Last week, the Delaware Insurance Commissioner announced a series of process and regulatory improvements to the state’s captive regime. Building upon last year’s significant amendments to DGCL 145(g) expressly permitting captives to cover D&O liability, Bulletin No. 14 outlines several requirements for captives to write Side A D&O policies for Delaware corporations, including several process changes intended to improve approval timelines and speed to market.
A second bulletin (Bulletin No. 12) further incentivizes captive formation by modifying capital requirements, including by permitting capital and surplus to be held in brokerage accounts under certain conditions.
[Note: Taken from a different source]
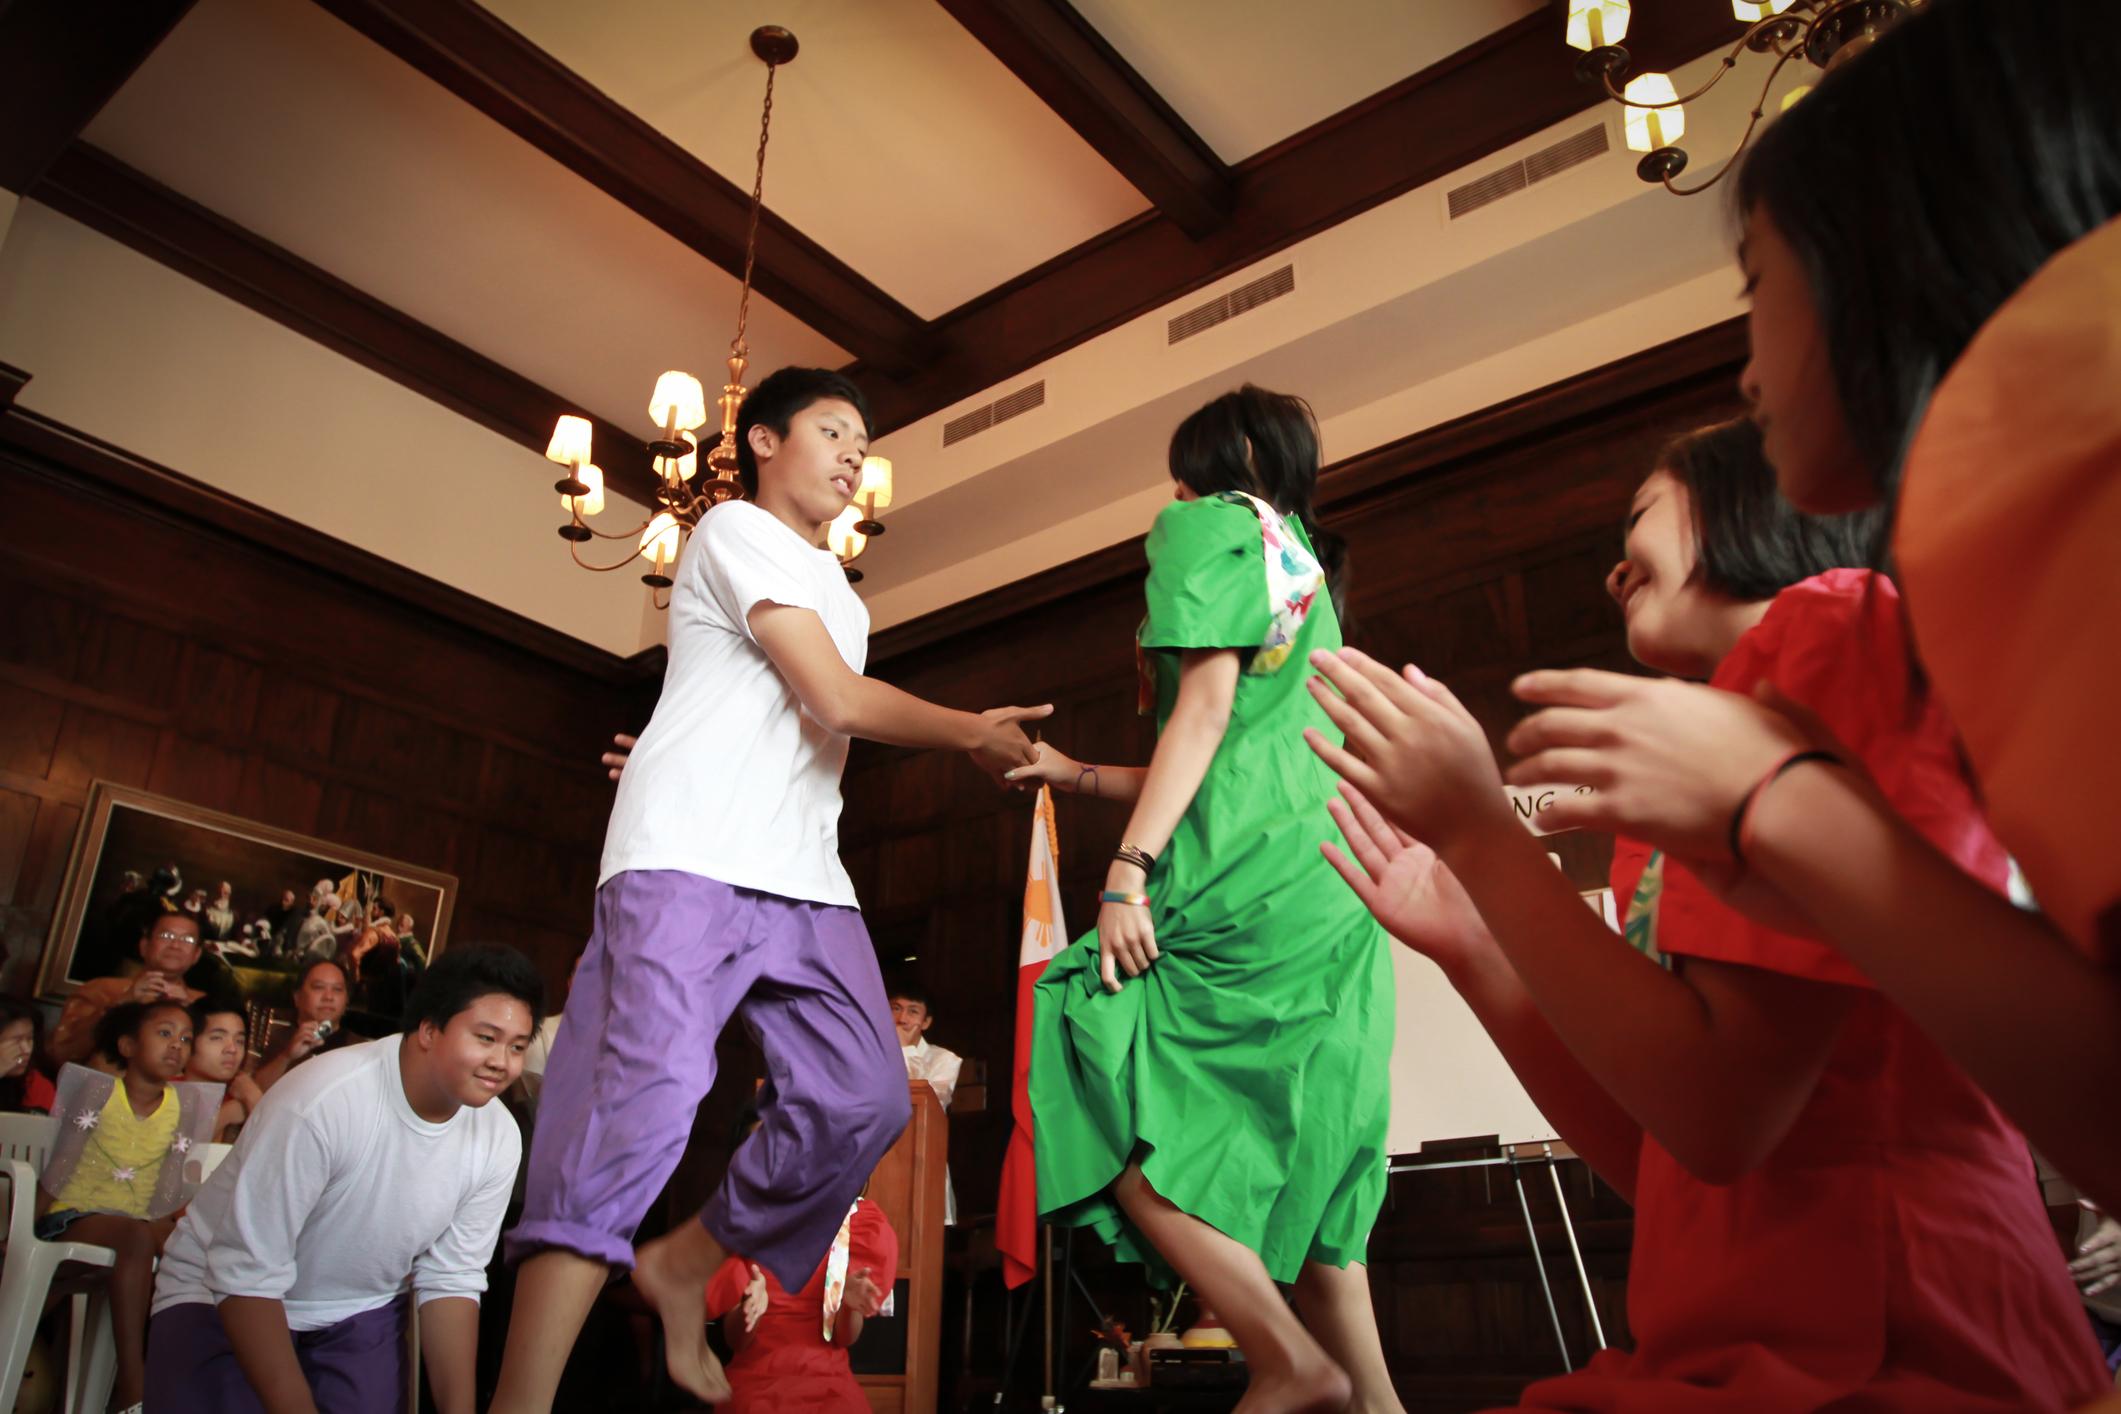 Parangal dance company philippine folk dance - Parangal Dance Company Philippine Folk Dance 45

The Commissioner explained that the changes were meant to help companies access more affordable coverage and increase Side A D&O capacity.
Delaware is already the world’s fifth largest captive domicile and the third largest in the US. These regulatory improvements—combined with Delaware’s existing pedigree as a leader in corporate law and governance and a growing number of significant insurance coverage decisions from the Delaware Supreme Court—should further bolster Delaware’s role as a leader on insurance issues.
Whether its high premiums, less favorable terms, or reduced capacity, companies continue to search for alternative risk transfer options—like captives, risk retention groups, and self-insurance—outside the traditional insurance market. Forming a captive may enable flexibility, control, and cost savings, but it is not without risk and must be formed and operated correctly to take advantage of those benefits. Retaining experienced insurance, corporate, and tax professionals can help assess the viability of alternative risk transfer and navigate those issues.